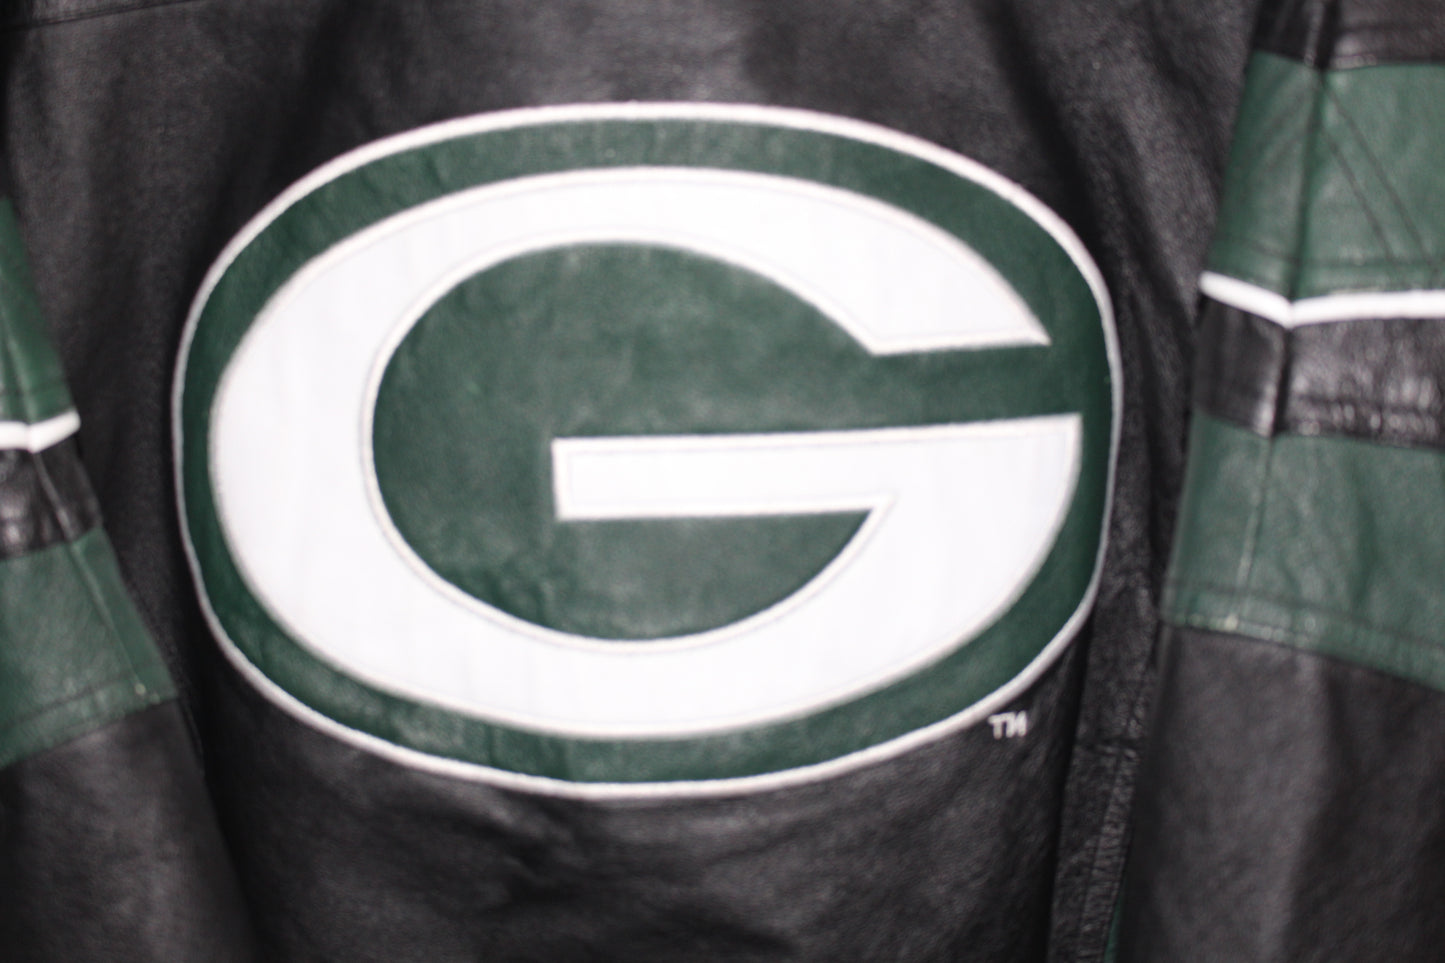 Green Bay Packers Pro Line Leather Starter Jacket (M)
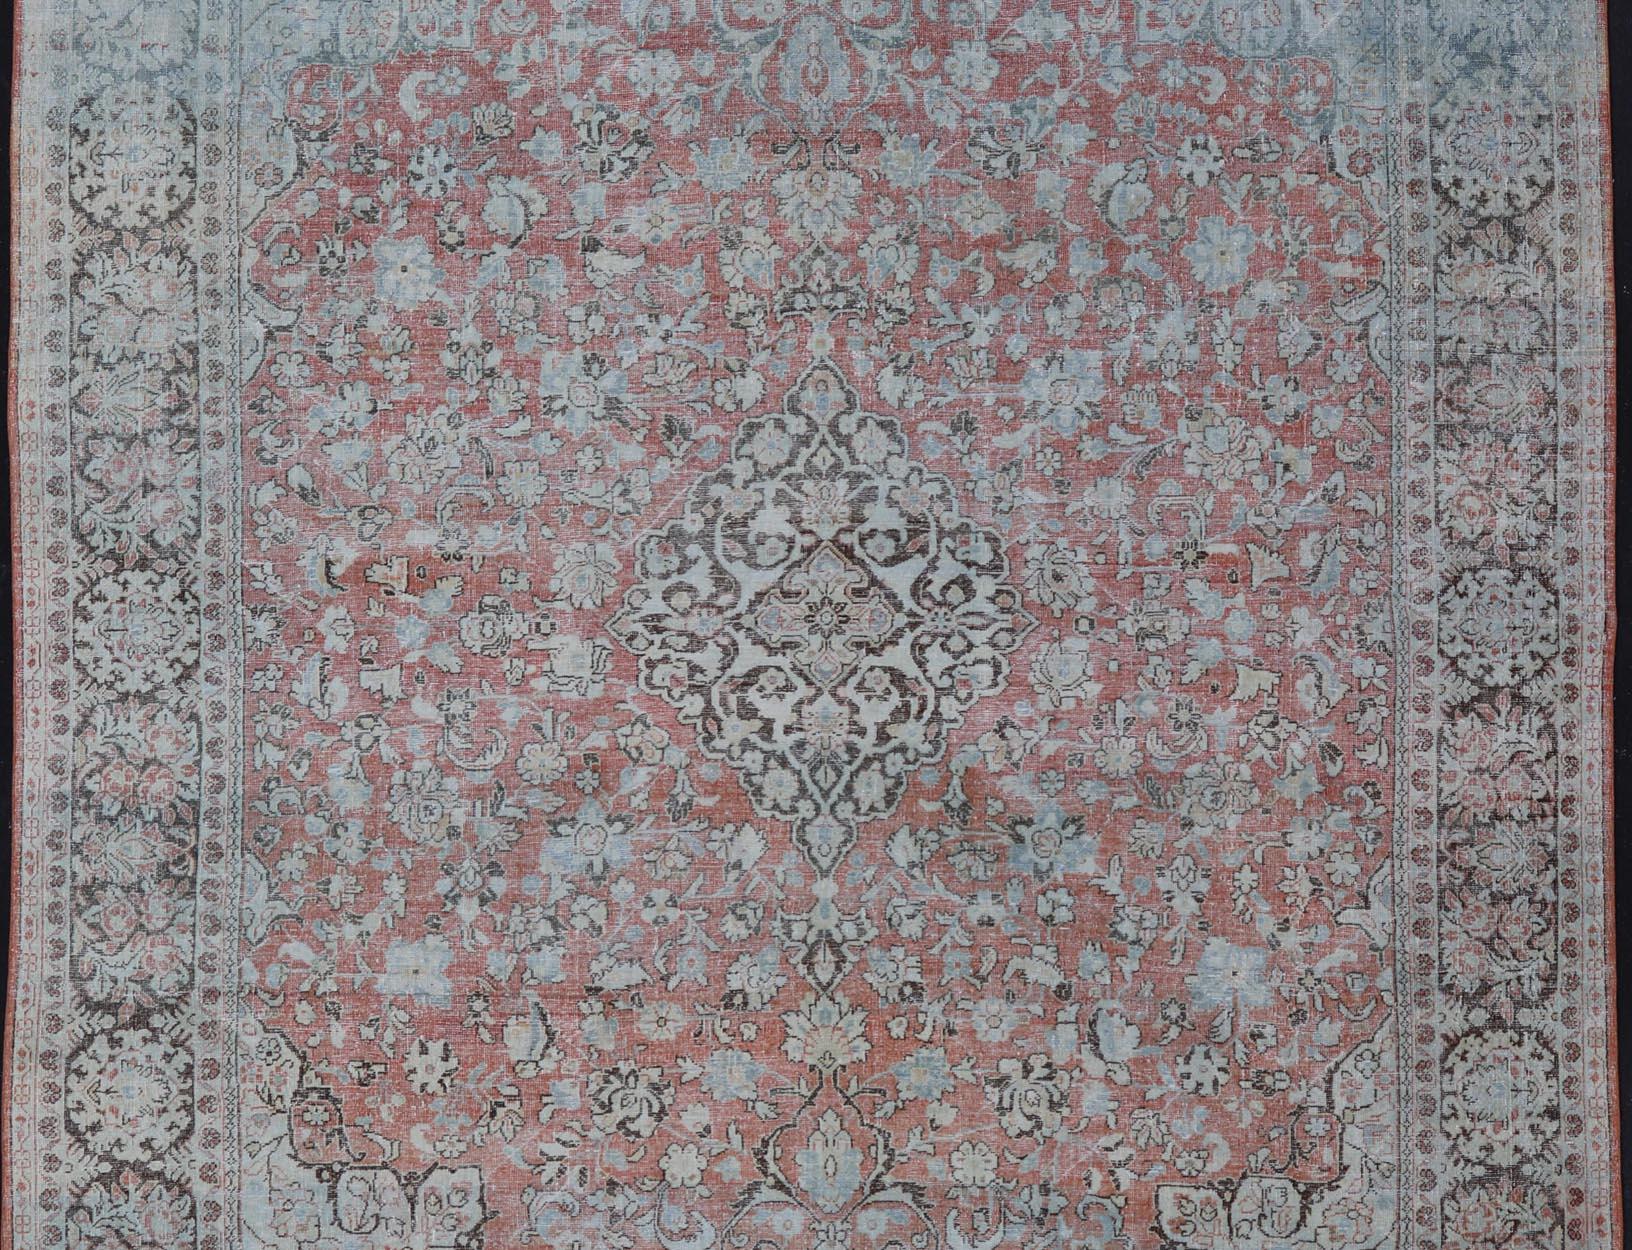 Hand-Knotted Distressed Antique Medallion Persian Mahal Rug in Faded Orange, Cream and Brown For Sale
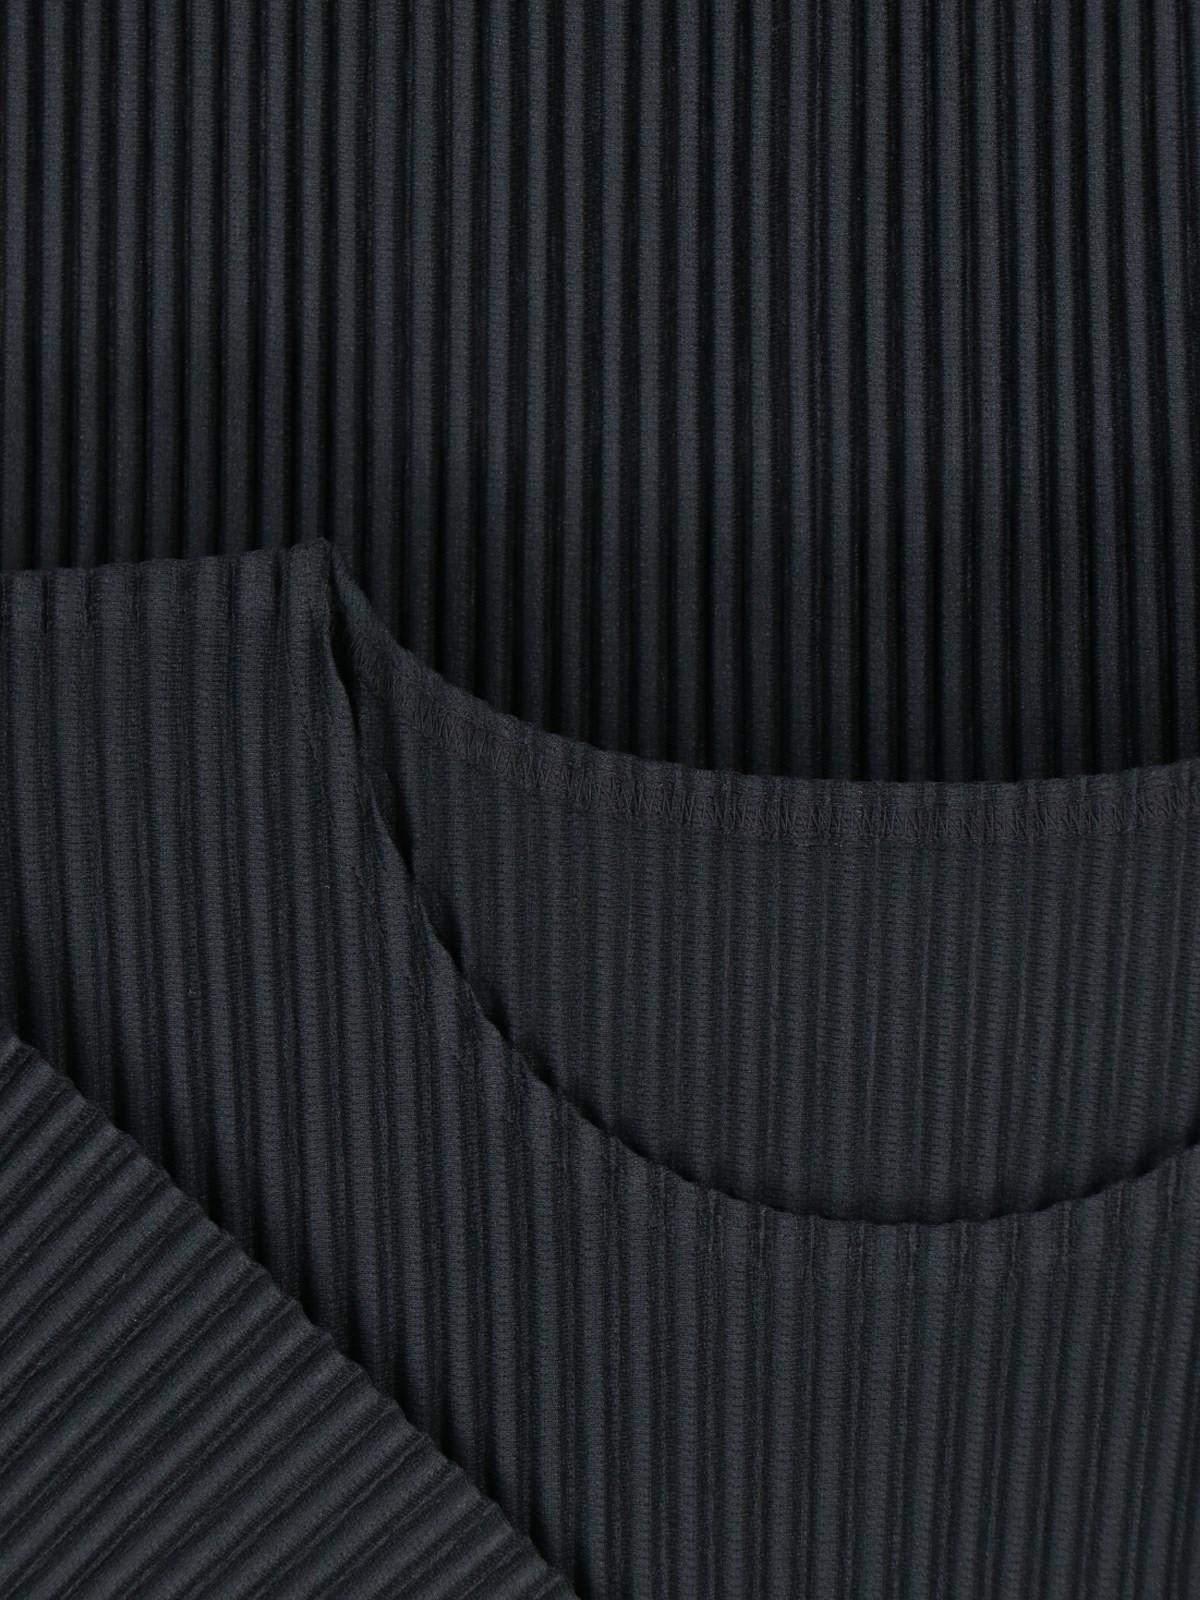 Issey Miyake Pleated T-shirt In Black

■ **Work to complete**
Reproduce the whole listing word for word, setting aside any pictures.

■ **Answer below**
 Green Bay Packers Pro Line Leather Starter Jacket (M)
 Hand-Knotted Distressed Antique Medallion Persian Mahal Rug in Faded Orange, Cream and Brown For Sale
 Issey Miyake Pleated T-shirt In Black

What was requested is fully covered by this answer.